Governors Island is a 172-acre (70 ha) island in Upper New York Bay, approximately 800 yards (732 m) from the southern tip of Manhattan Island and separated from Brooklyn by Buttermilk Channel, approximately 400 yards (366 m). It is part of the borough of Manhattan in New York City. The National Park Service administers a small portion of the north of the island as the Governors Island National Monument, while the Trust for Governors Island operates the rest as a public park. The national historic landmark district, approximately 92 acres (37 ha) of the northern half of the island, is open to the public for several months in the summer and early fall, and the circumferential road around the island is also open to the public. The island is accessed by ferries from Brooklyn and Manhattan.
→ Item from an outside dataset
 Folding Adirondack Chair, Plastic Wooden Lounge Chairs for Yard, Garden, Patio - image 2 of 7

The Native Americans of the Manhattan region referred to the island as Paggank ("nut island"), likely after the island's plentiful hickory, oak, and chestnut trees; the Dutch explorer Adriaen Block called it Noten Eylant, a translation, and this was borrowed into English as Nutten Island. The island's current name, made official in 1784, stems from the British colonial era, when the colonial assembly reserved the island for the exclusive use of New York's royal governors.
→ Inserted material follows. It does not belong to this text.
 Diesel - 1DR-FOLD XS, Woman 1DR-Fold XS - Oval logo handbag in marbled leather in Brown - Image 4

In 1776, during the American Revolutionary War, Continental Army troops raised defensive works on the island, which they used to fire upon British ships before they were taken. From 1783 to 1966, the island was a United States Army post, and from 1966 to 1996 the island served as a major United States Coast Guard installation. About 103 acres (42 ha) of fill was added to the island by 1912, making the island a 172-acre (70 ha) island.